**Data for this exercise:**
================
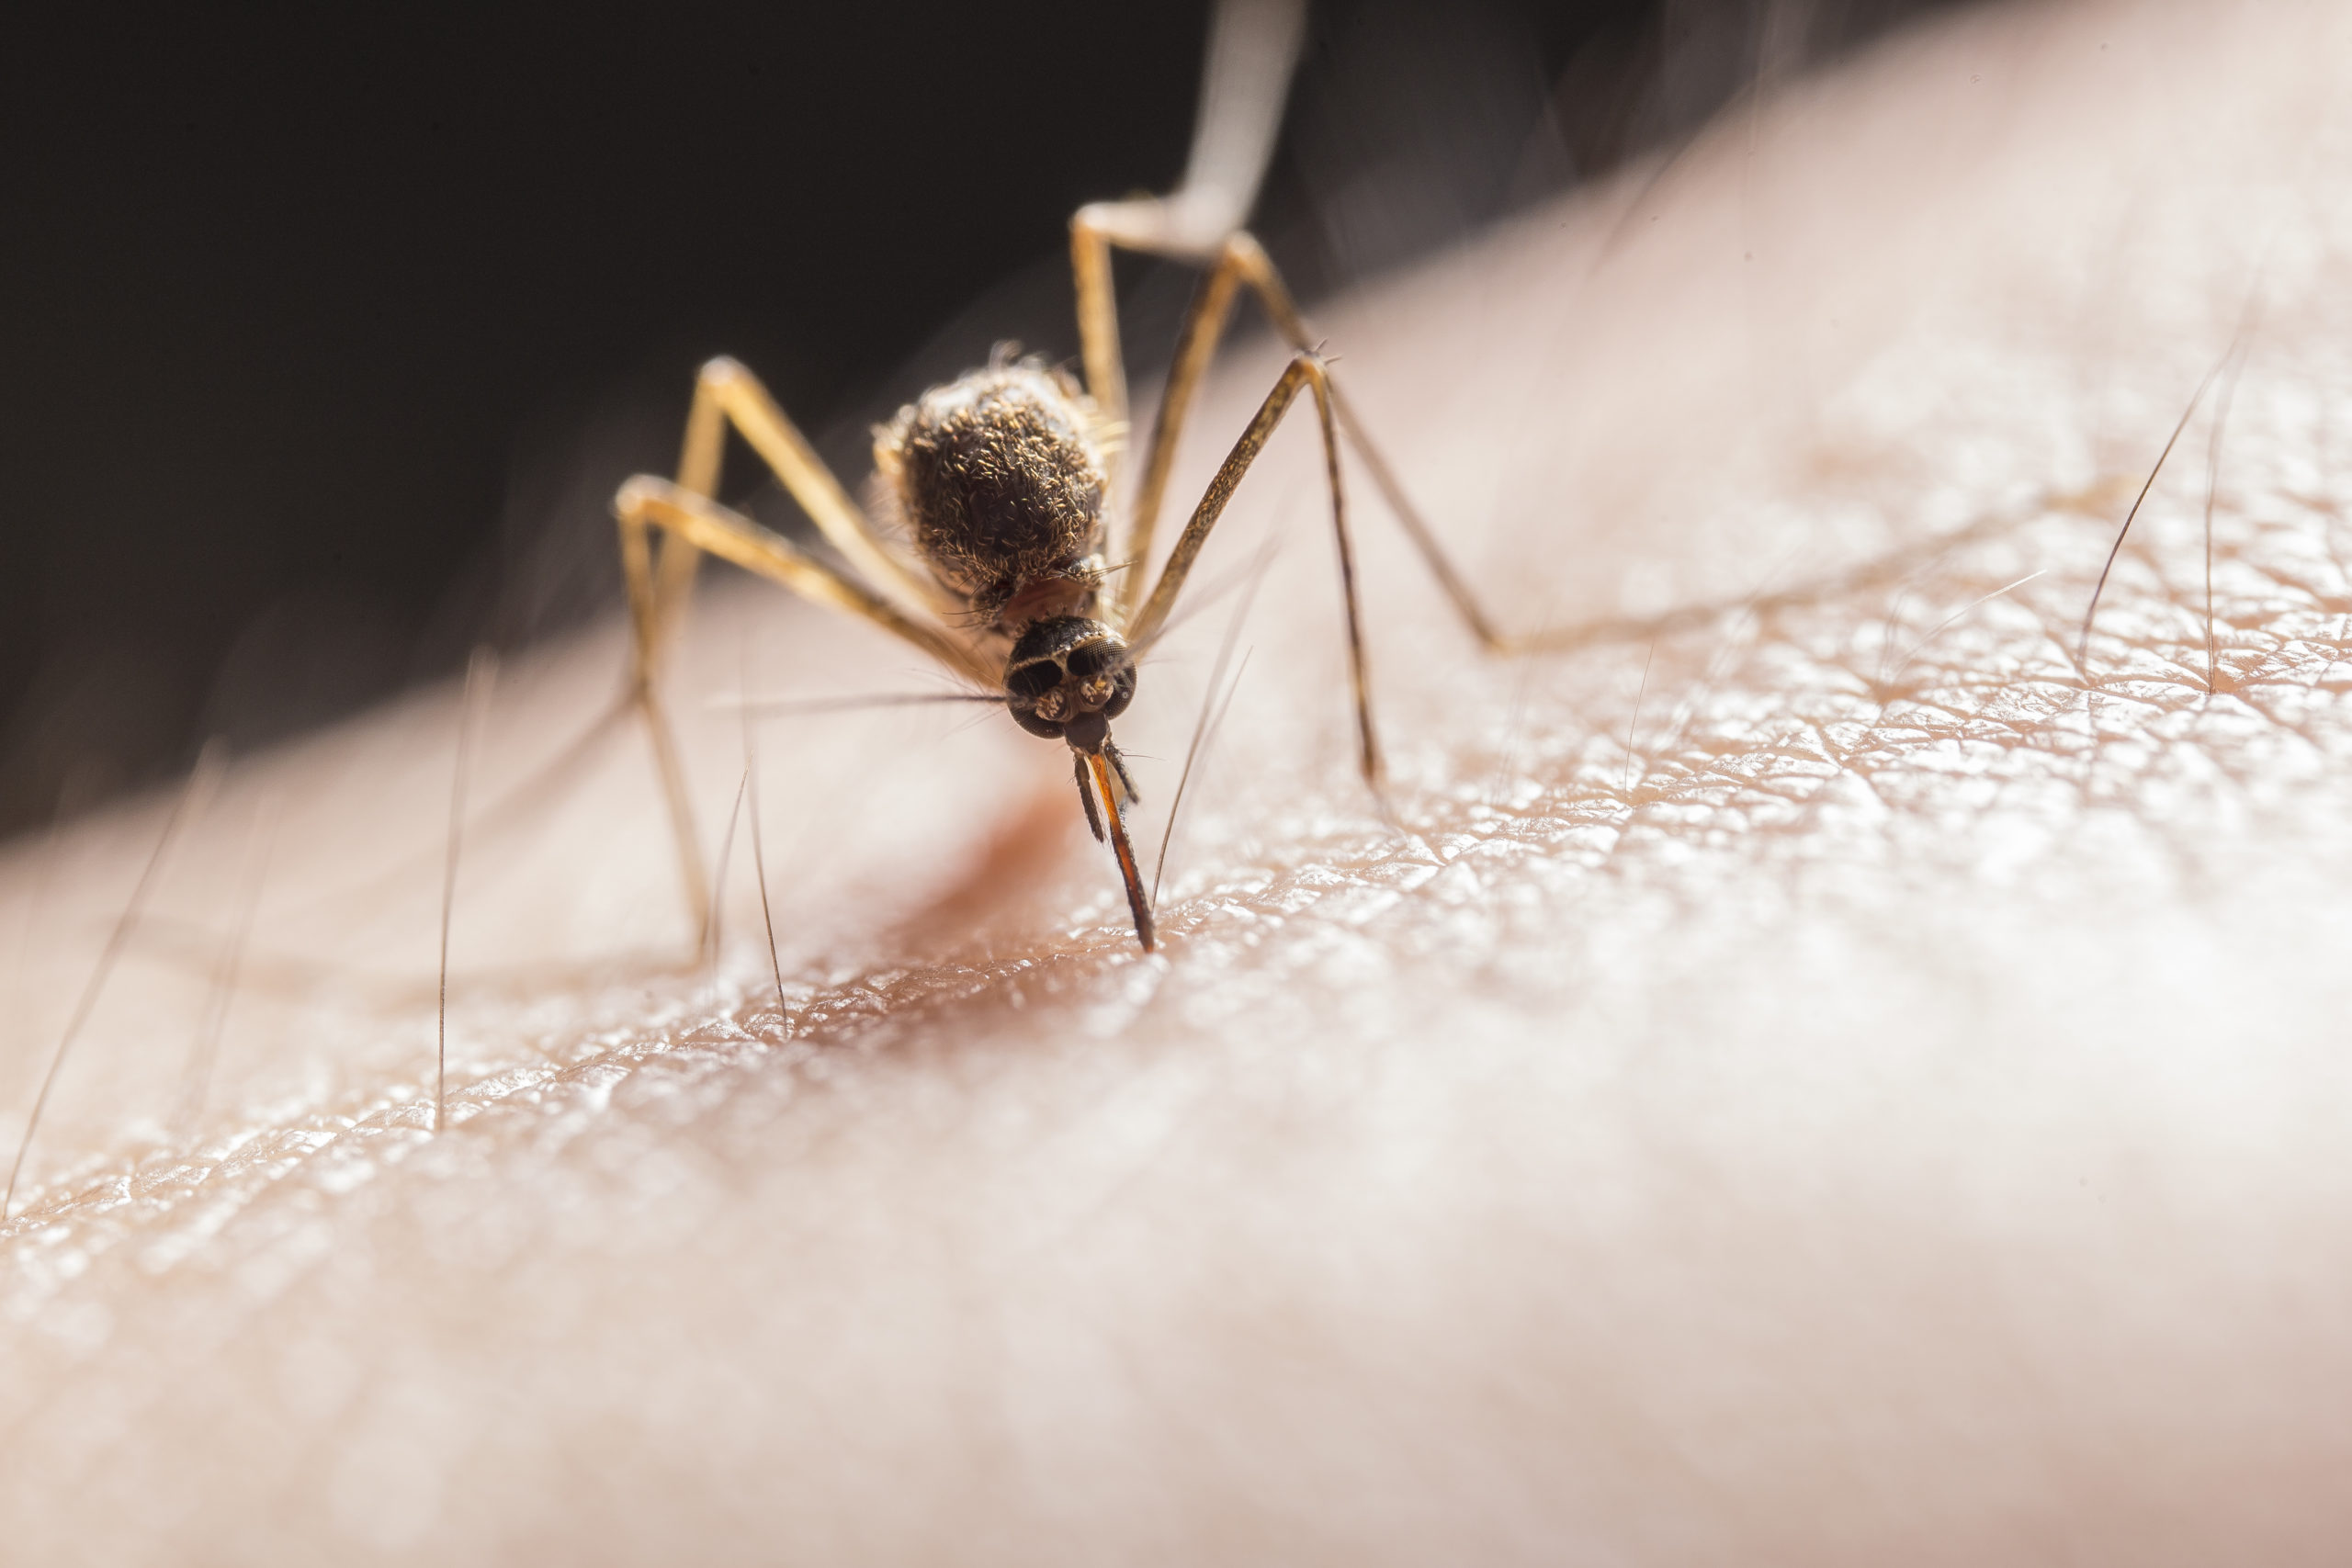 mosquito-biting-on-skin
================
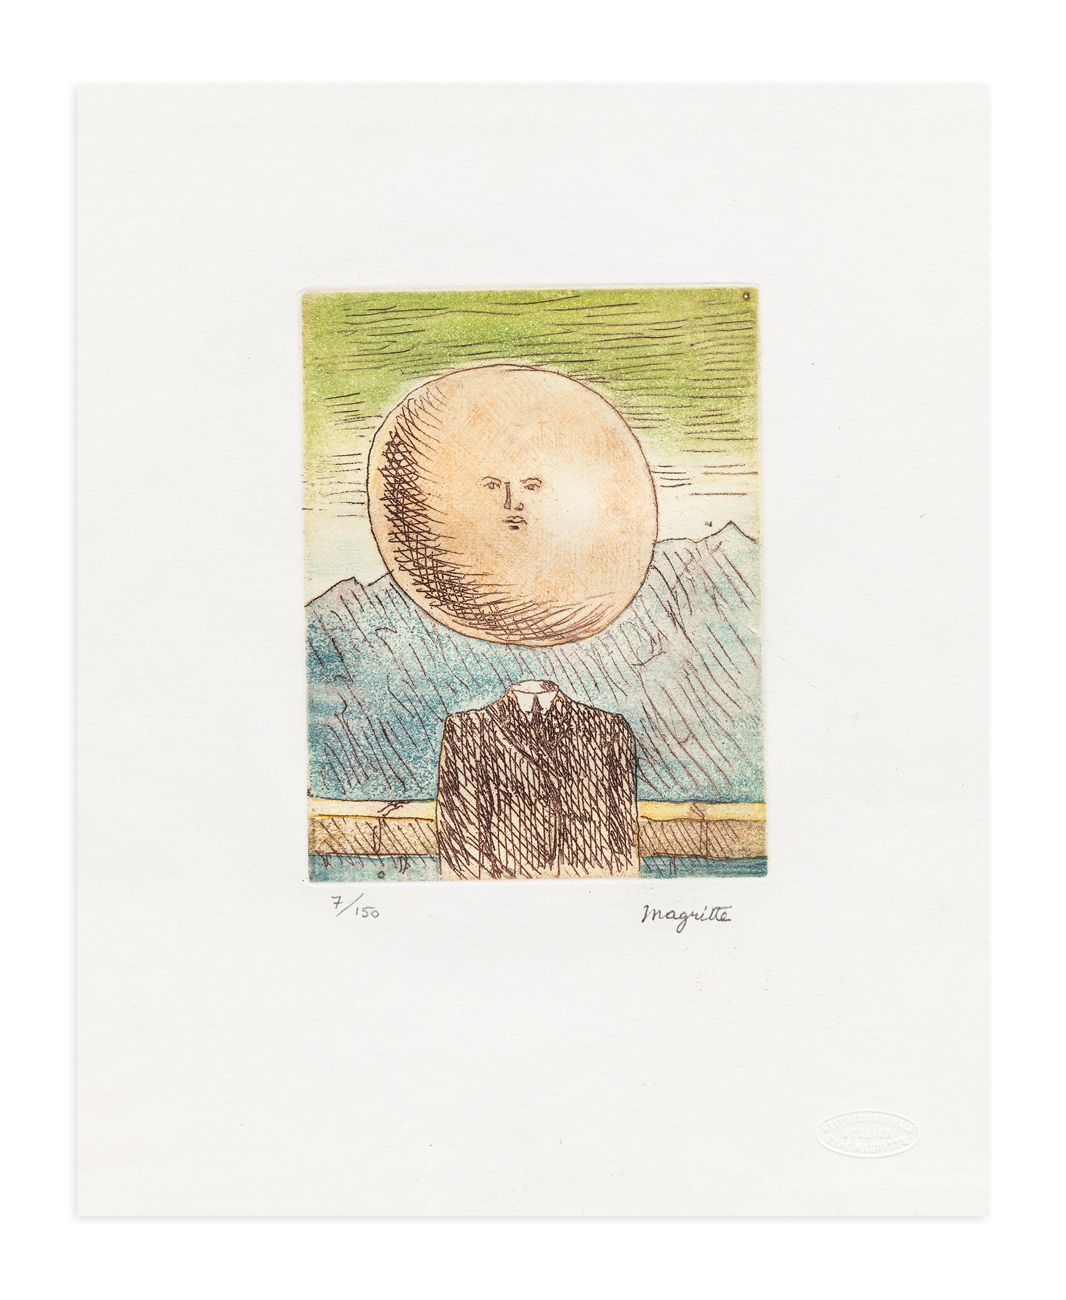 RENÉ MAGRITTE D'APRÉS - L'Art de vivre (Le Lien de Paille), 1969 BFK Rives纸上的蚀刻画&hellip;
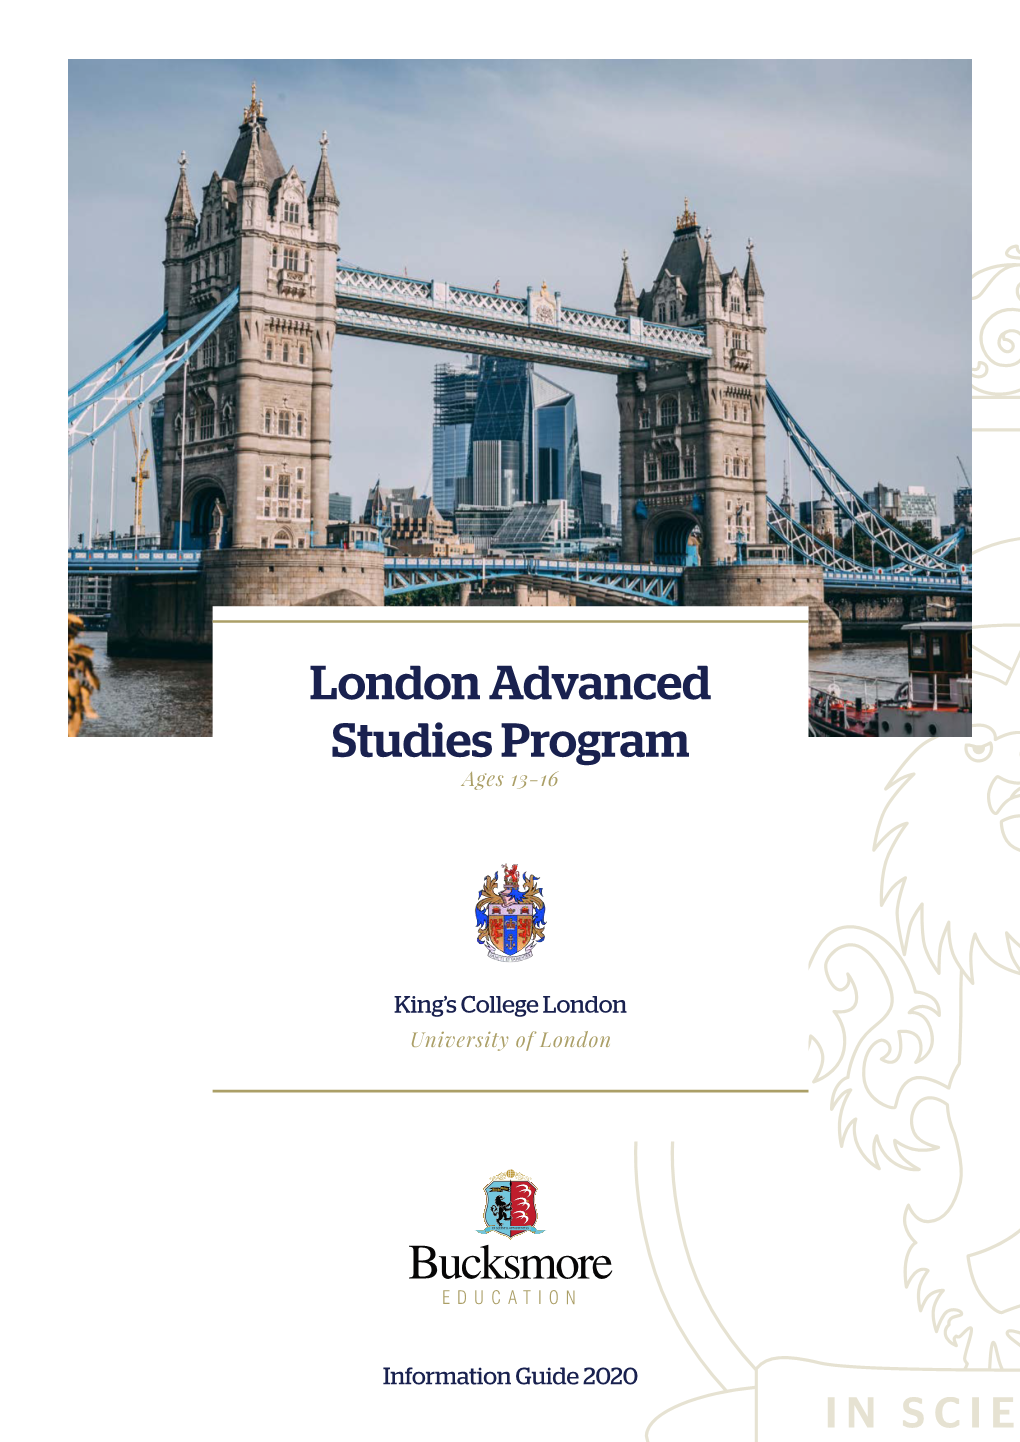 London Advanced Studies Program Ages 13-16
================
**Prompt:**
Although pictures appear among the entries, please set down only the lines from the one with "RENÉ MAGRITTE D'APRÉS" up to and including the one with "London Advanced Studies Program Ages 13-16", word for word.

**The answer:**
 RENÉ MAGRITTE D'APRÉS - L'Art de vivre (Le Lien de Paille), 1969 BFK Rives纸上的蚀刻画&hellip;
 London Advanced Studies Program Ages 13-16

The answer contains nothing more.